- _INFORMATION PROVIDED_
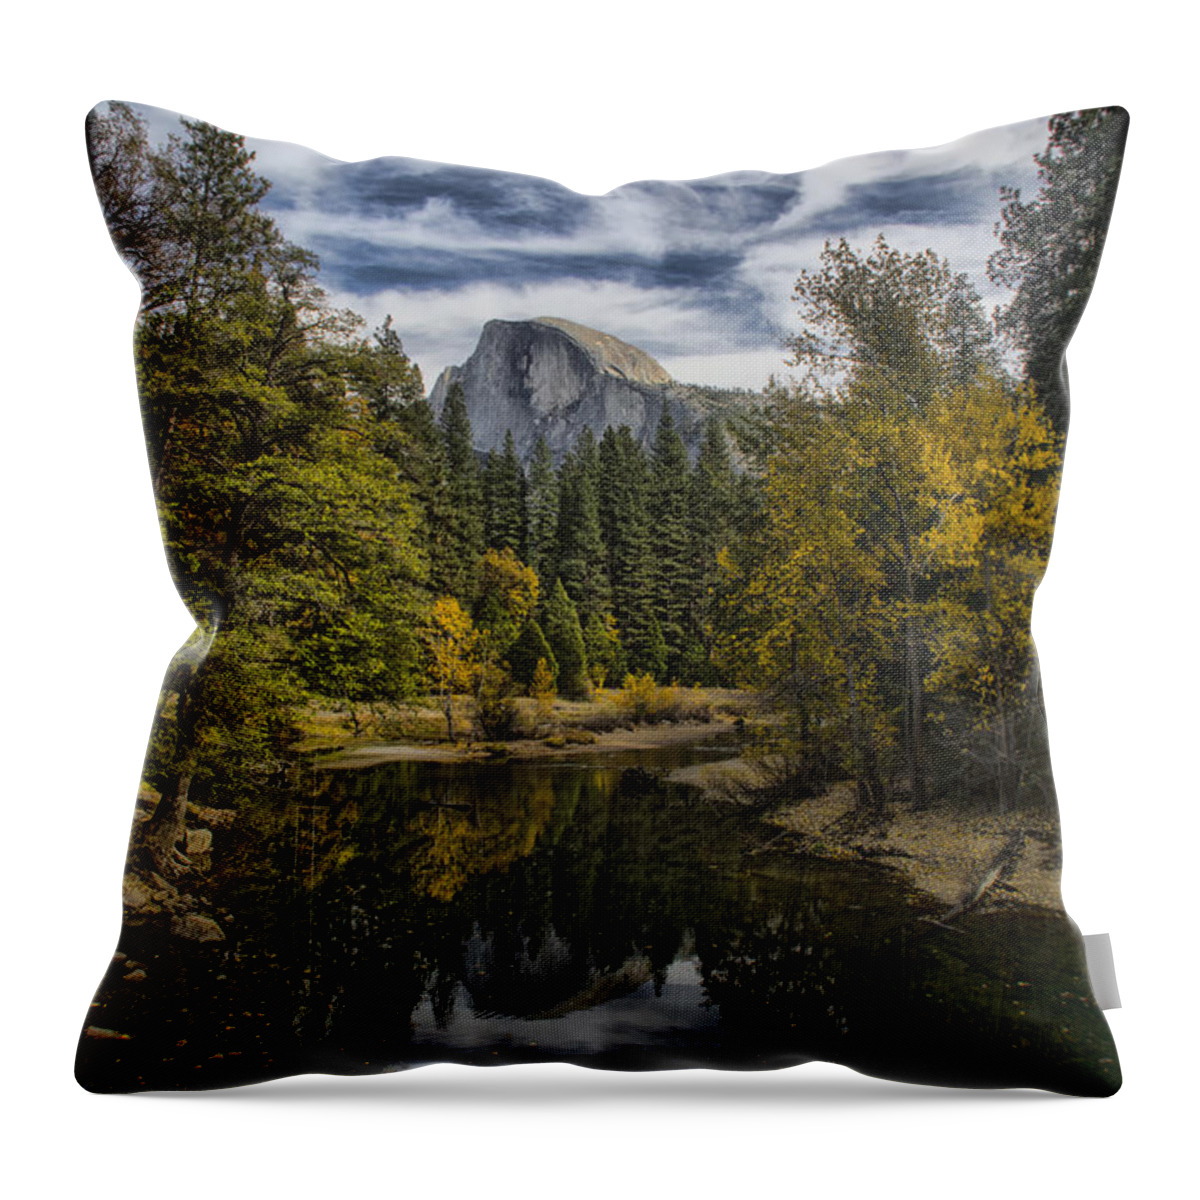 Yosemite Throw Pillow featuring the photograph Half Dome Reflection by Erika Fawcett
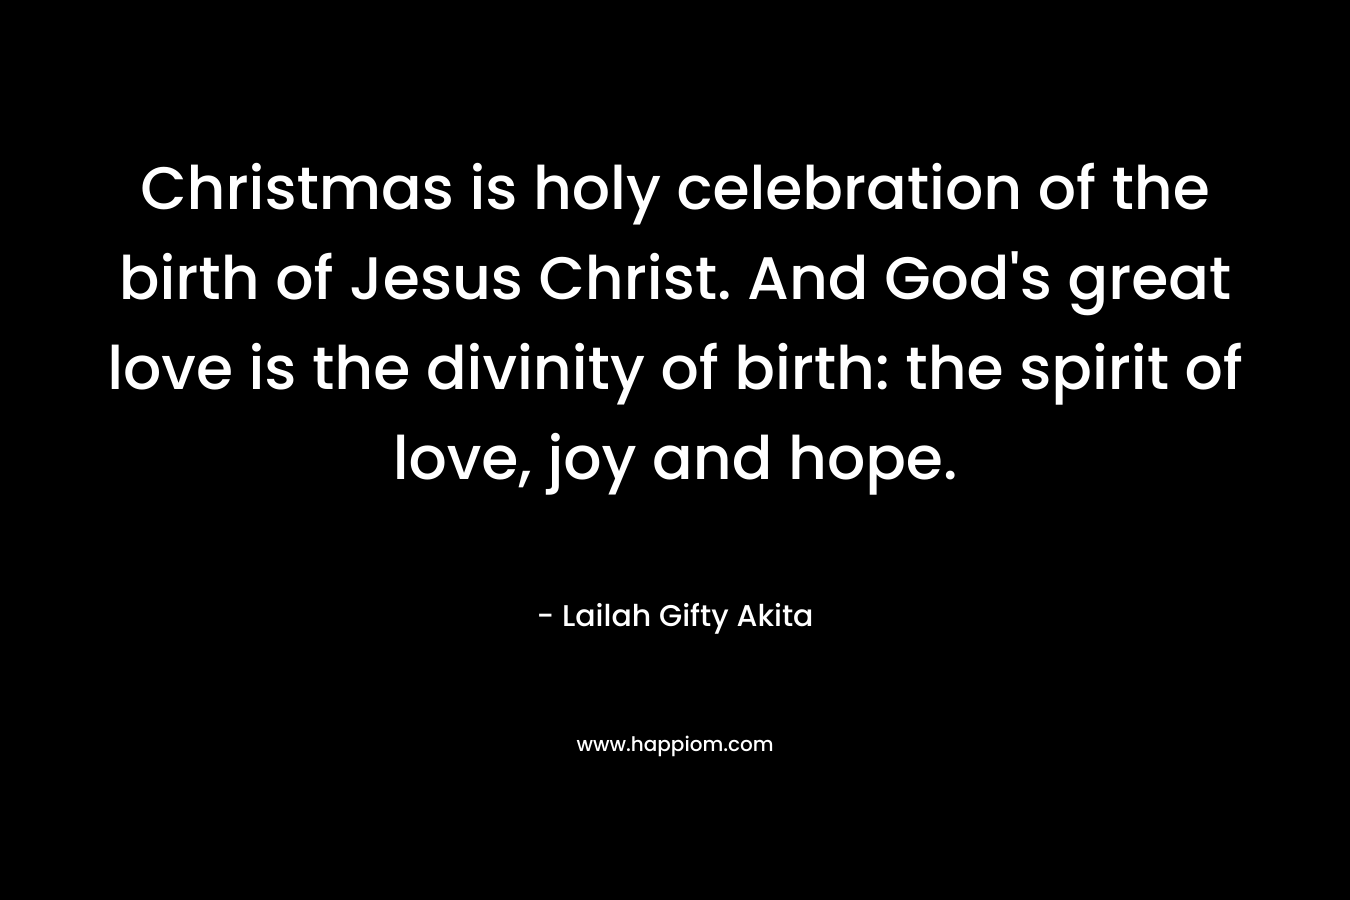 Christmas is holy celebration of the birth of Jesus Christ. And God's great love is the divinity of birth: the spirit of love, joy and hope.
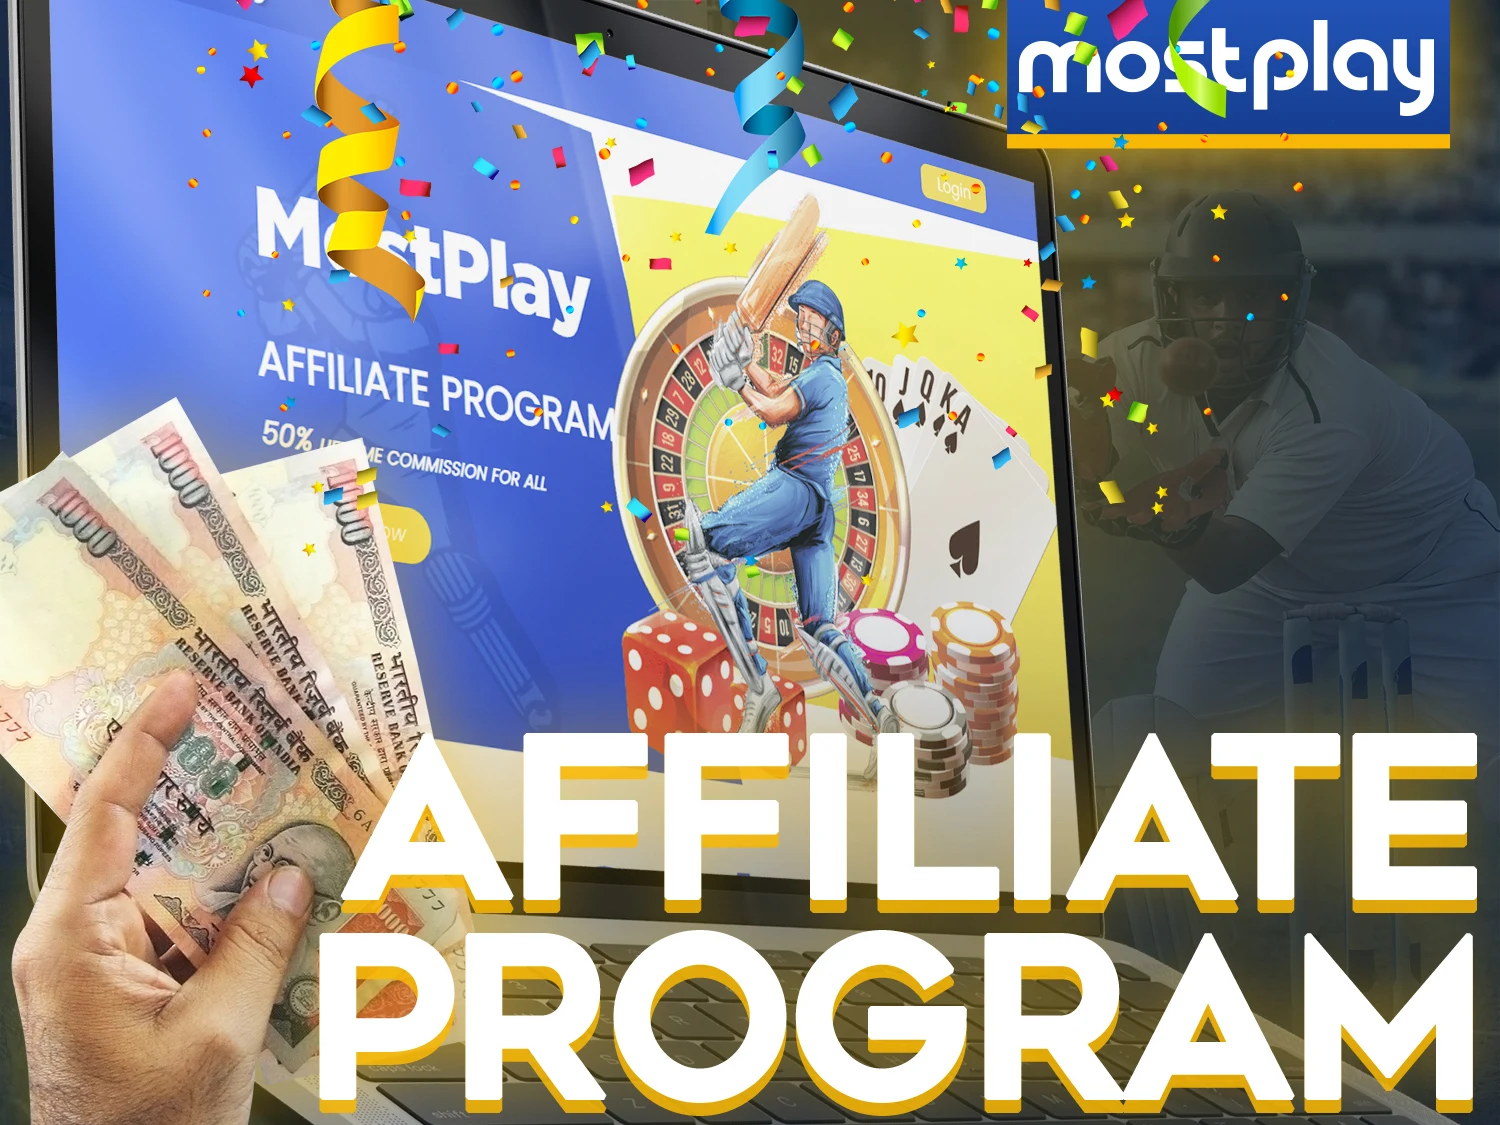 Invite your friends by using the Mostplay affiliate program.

- _INSTRUCTIONS FOR THE TASK_
All lines from the line with "Christmas is holy" through the final line of the listing are to be printed exactly, both ends included; the pictures are not.

- _TASK ANSWER_
 Christmas is holy celebration of the birth of Jesus Christ. And God's great love is the divinity of birth: the spirit of love, joy and hope.
 Invite your friends by using the Mostplay affiliate program.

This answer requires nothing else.